Information provided:
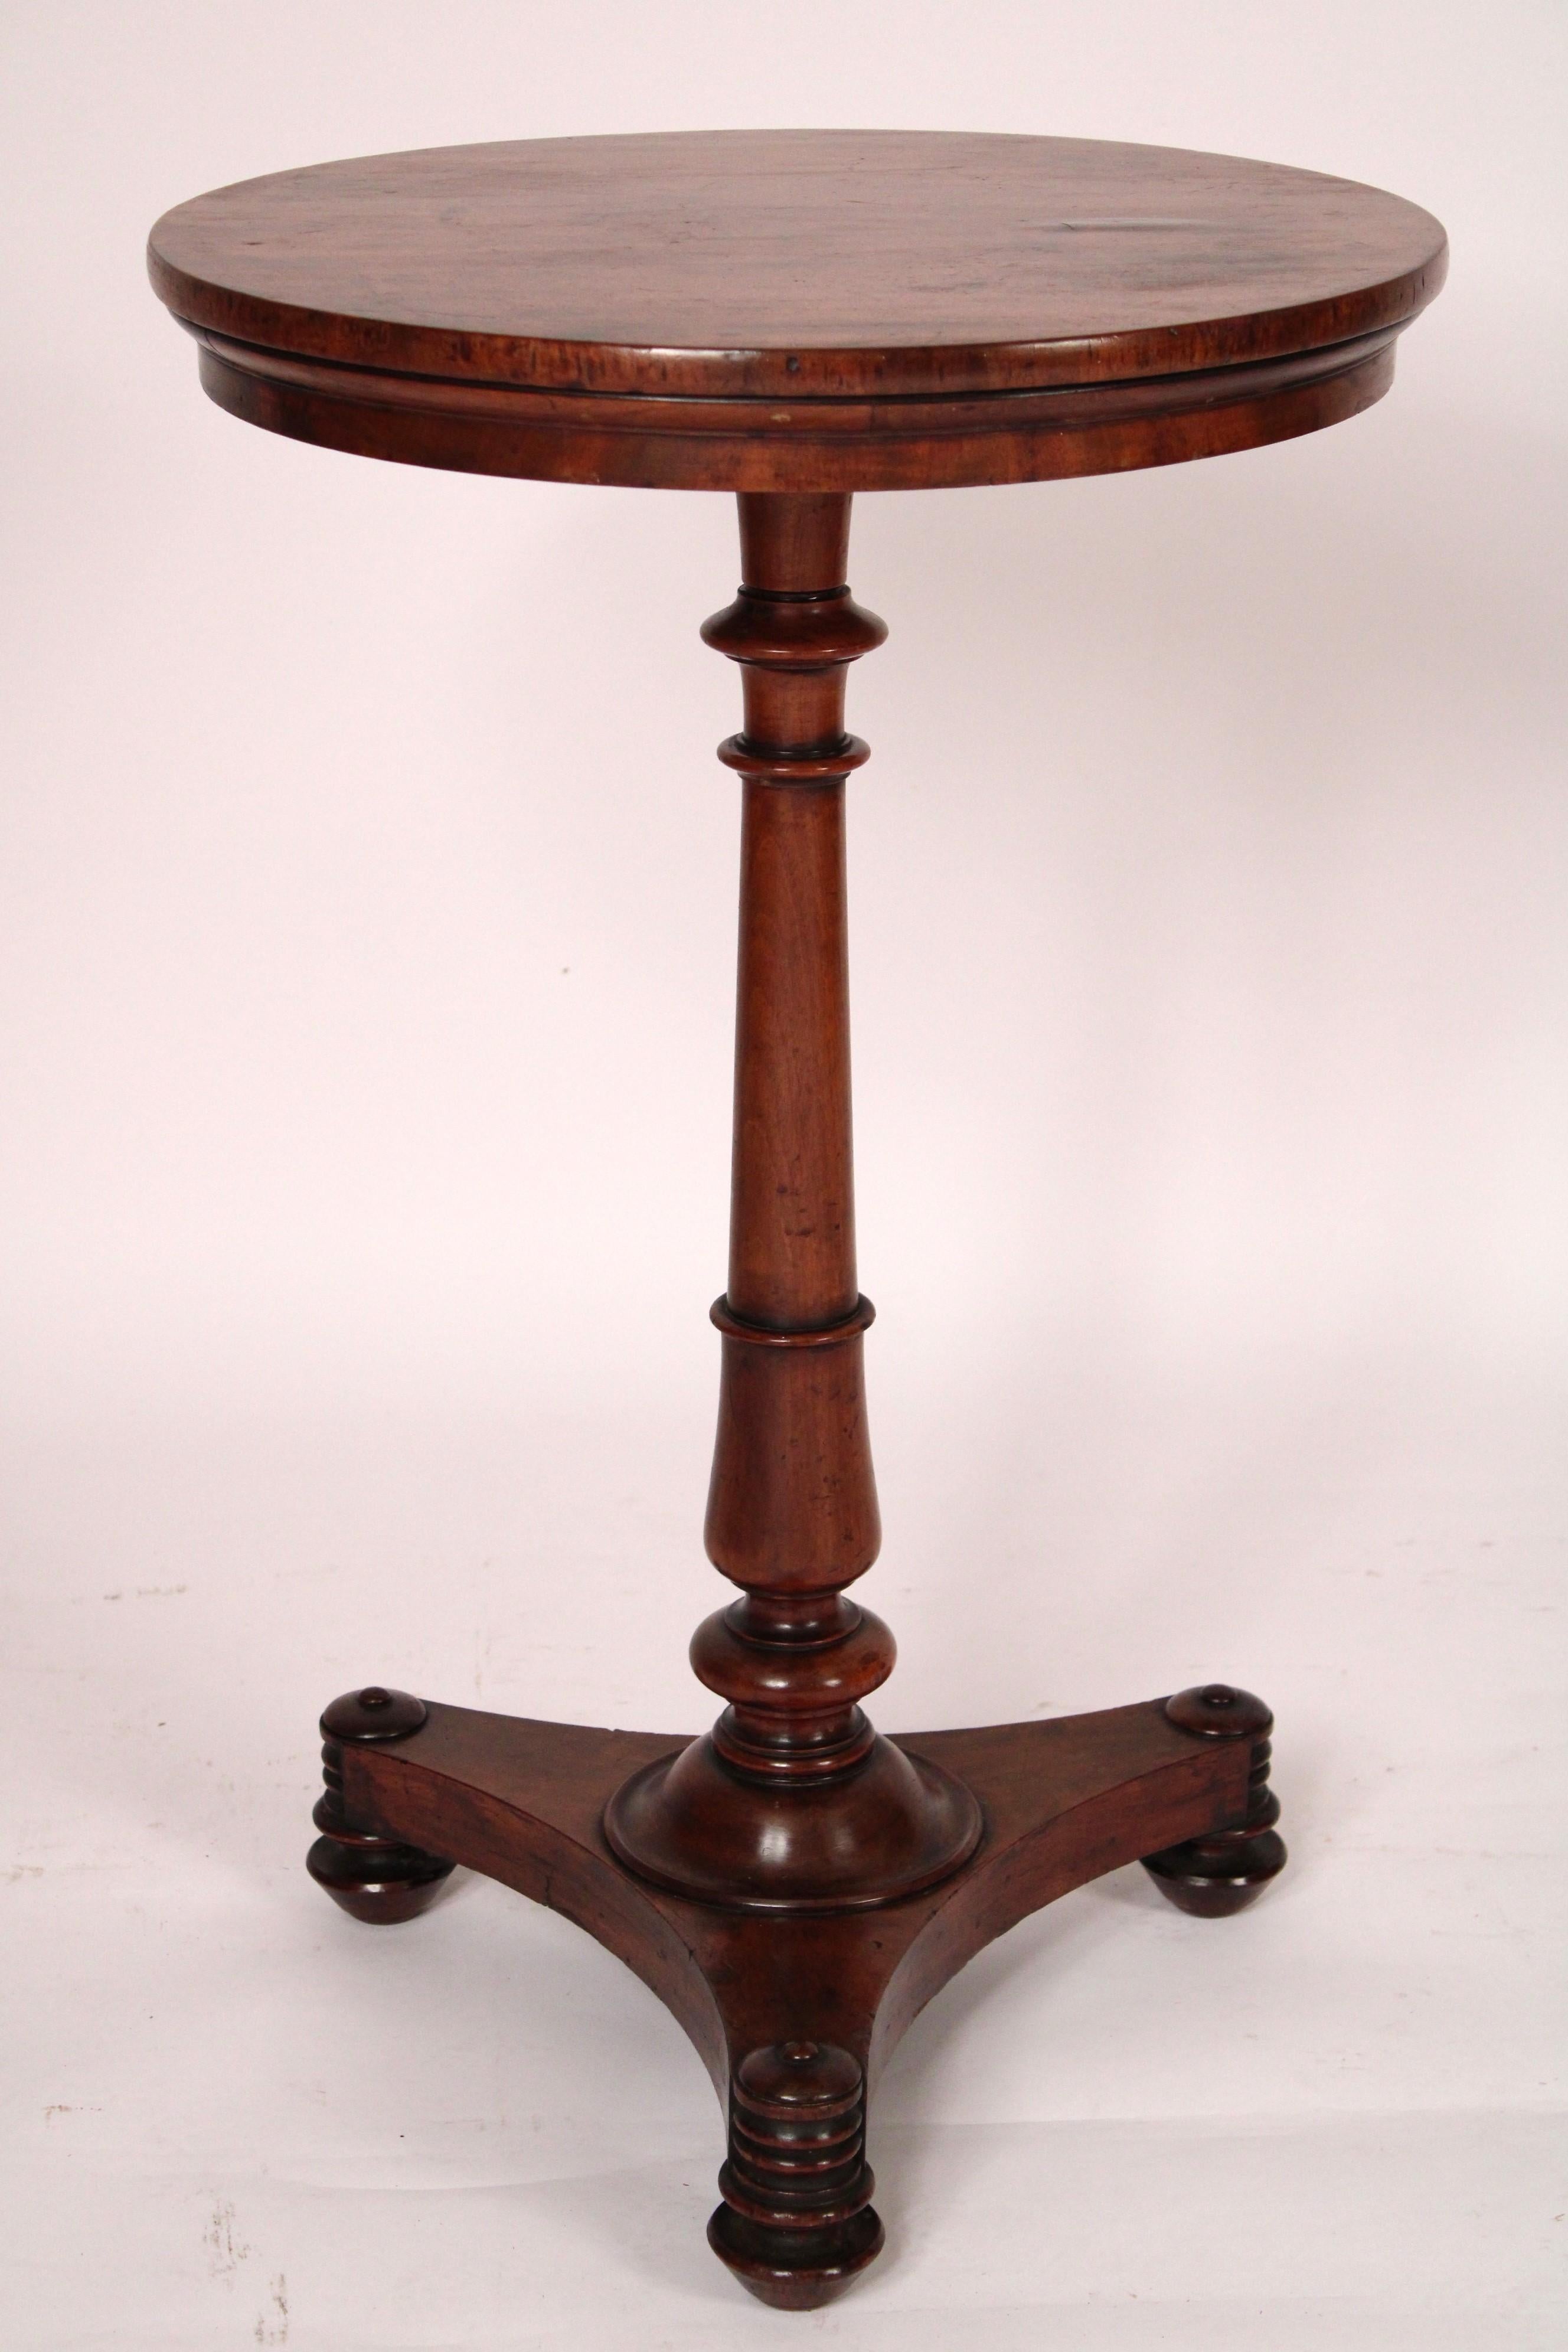 English regency mahogany candlestand / occasional table, circa 1820. With a circular top an elongated vase shaped pedestal resting on a trefid base with beehive corners, resting on turned tapered feet. With an excellent old patina. The bottom of the
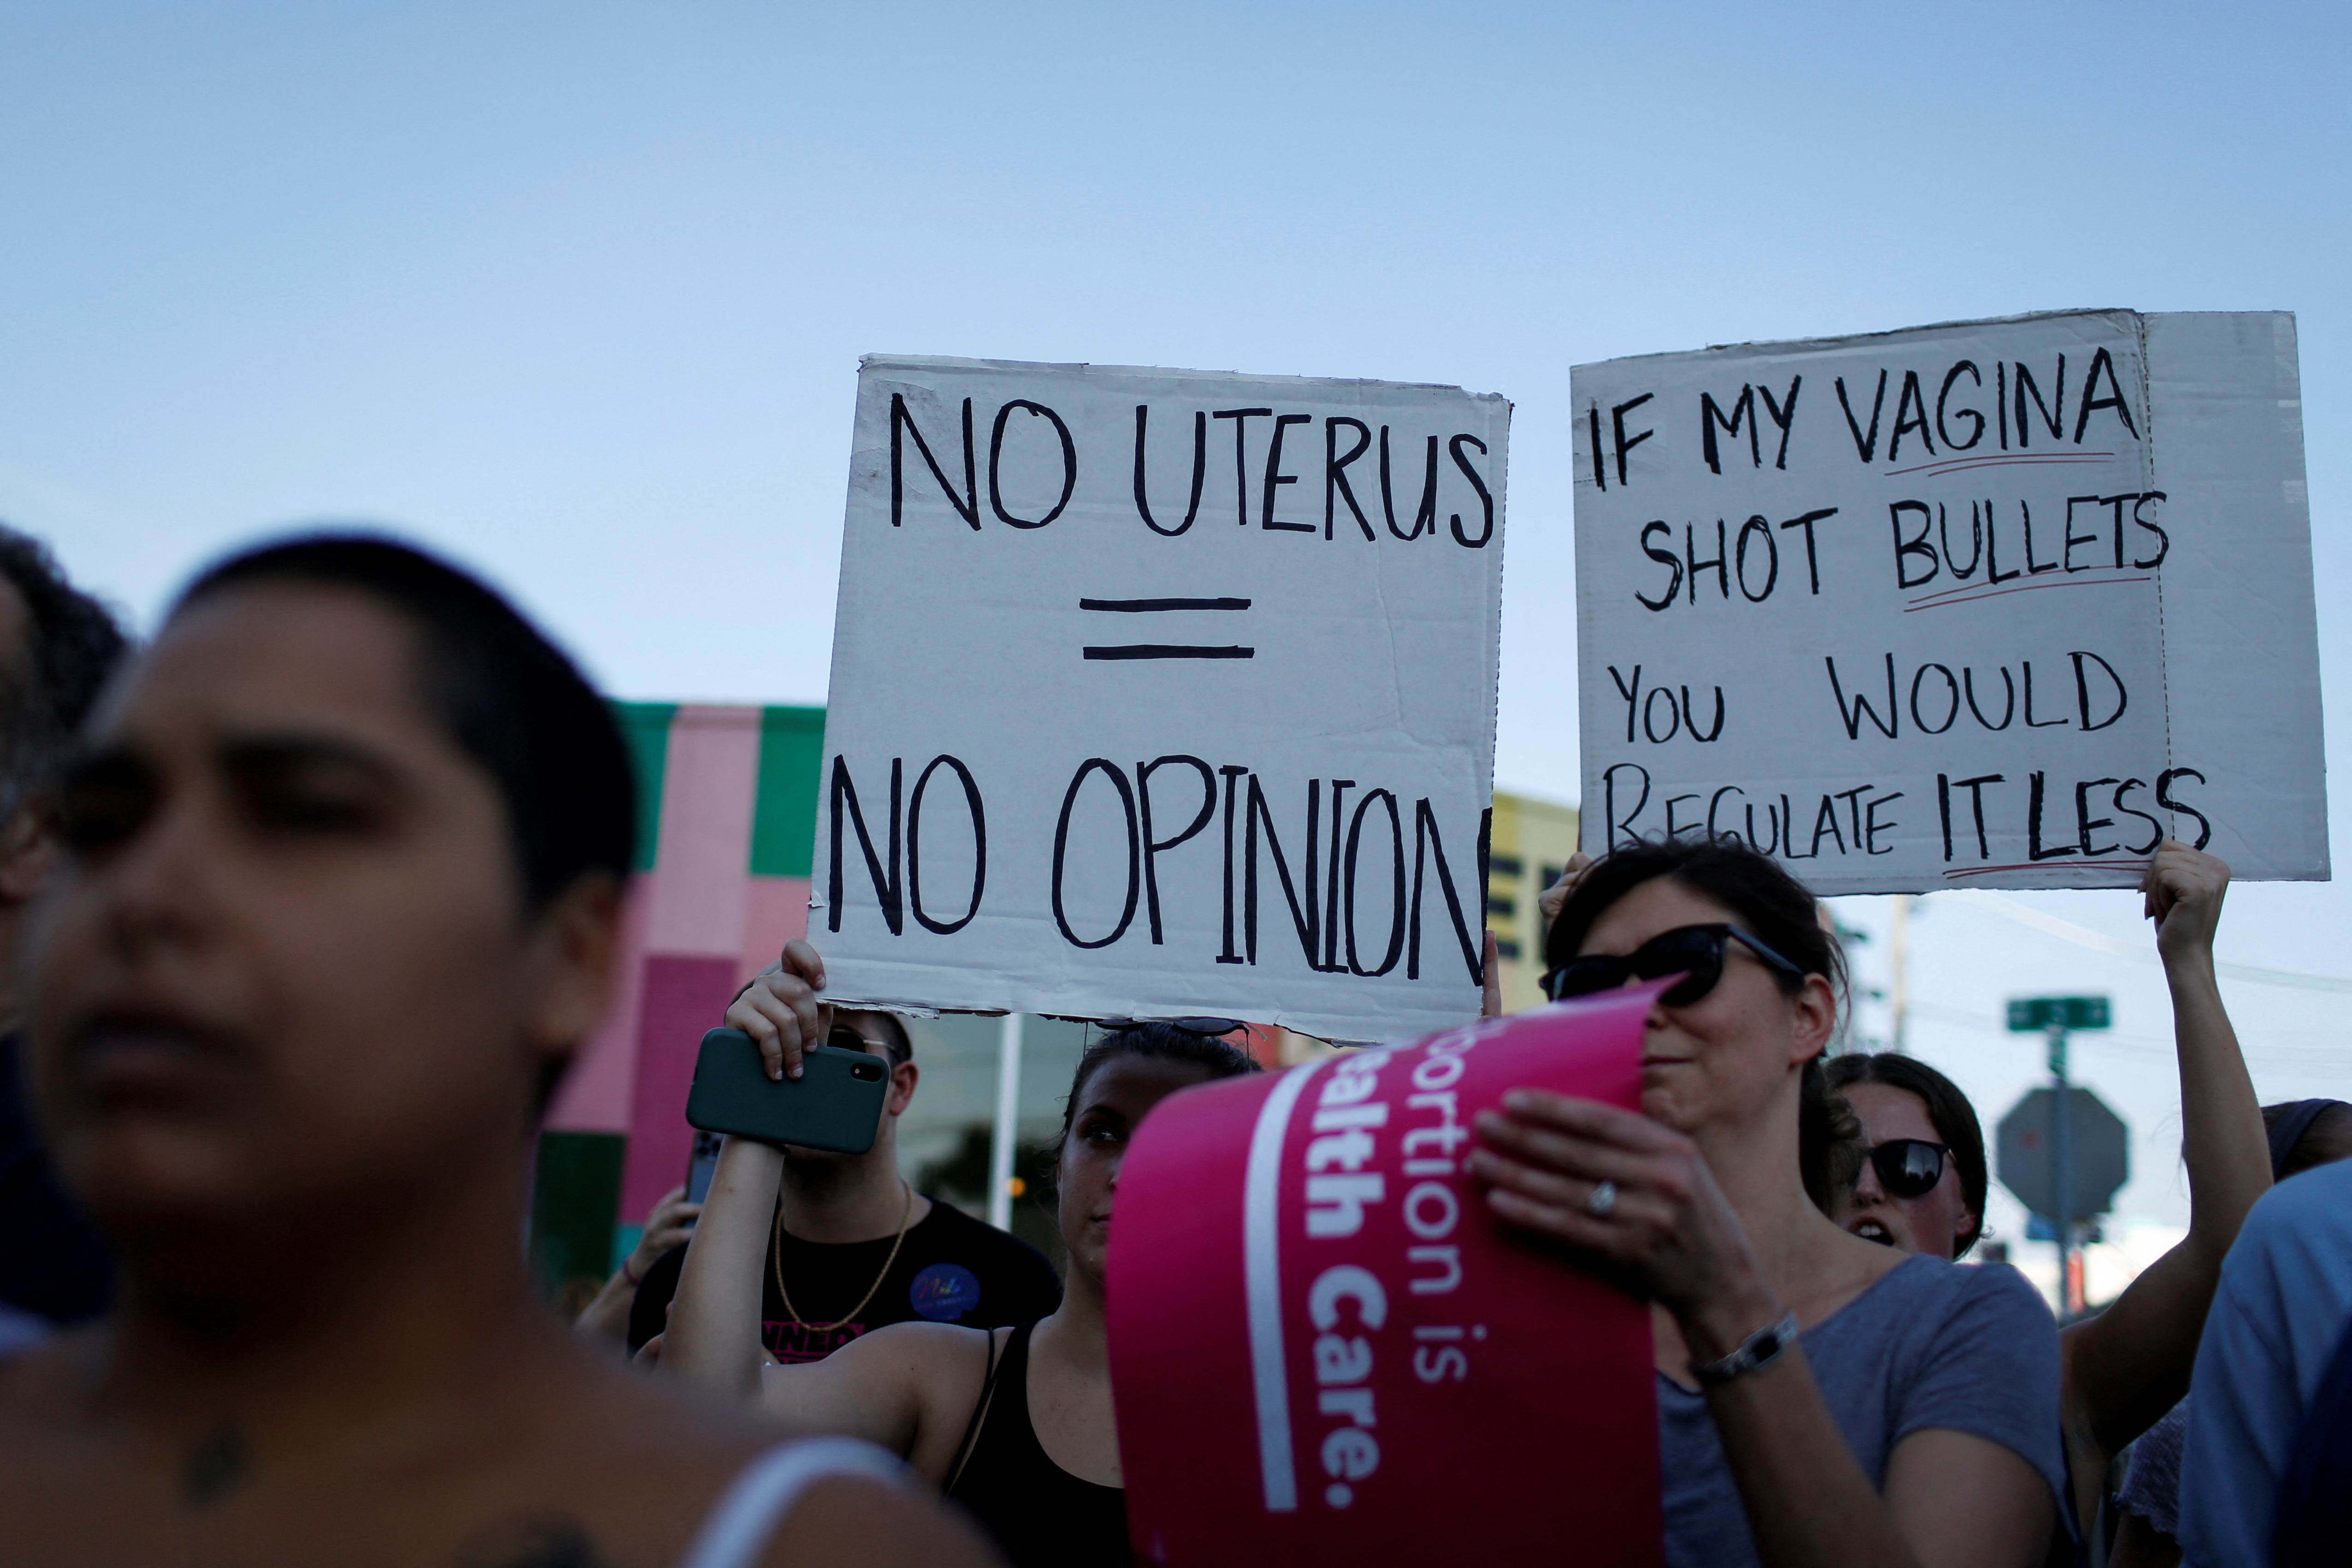 Protests across the country over access to abortion
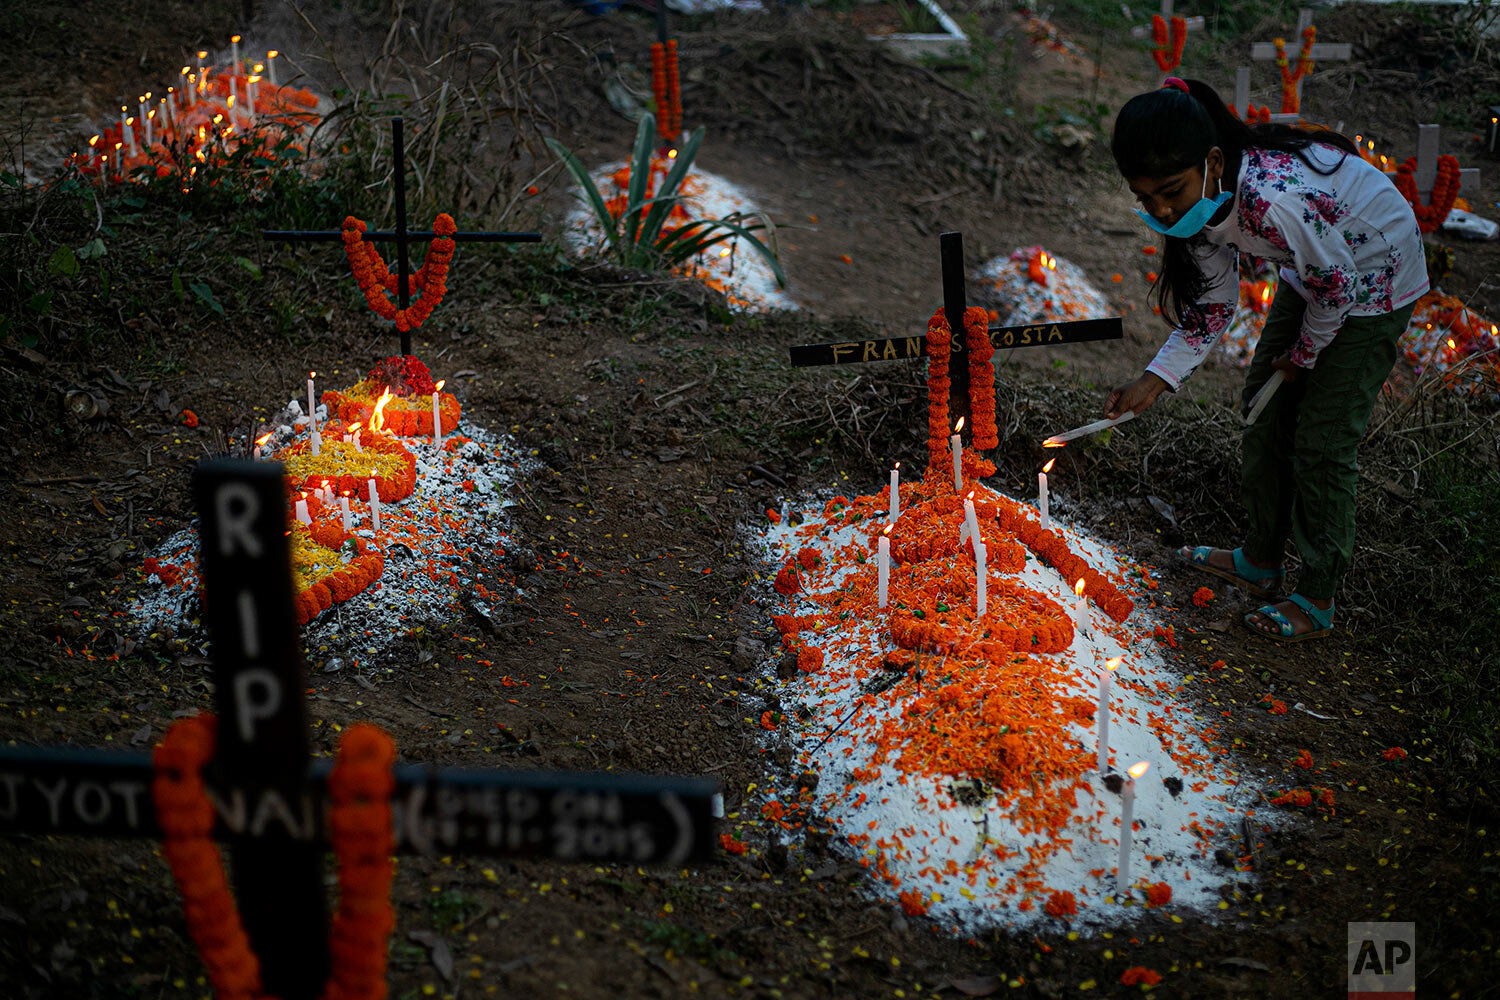  A girl wearing a face mask as a precaution against the coronavirus lights a candle as she prays at the grave of a deceased relative during All Souls Day in Gauhati, India, Monday, Nov. 2, 2020. (AP Photo/Anupam Nath)

What you have to do:
Please output the material above unchanged, apart from removing the pictures.

Reply to the exercise:
 English regency mahogany candlestand / occasional table, circa 1820. With a circular top an elongated vase shaped pedestal resting on a trefid base with beehive corners, resting on turned tapered feet. With an excellent old patina. The bottom of the
 Protests across the country over access to abortion
  A girl wearing a face mask as a precaution against the coronavirus lights a candle as she prays at the grave of a deceased relative during All Souls Day in Gauhati, India, Monday, Nov. 2, 2020. (AP Photo/Anupam Nath)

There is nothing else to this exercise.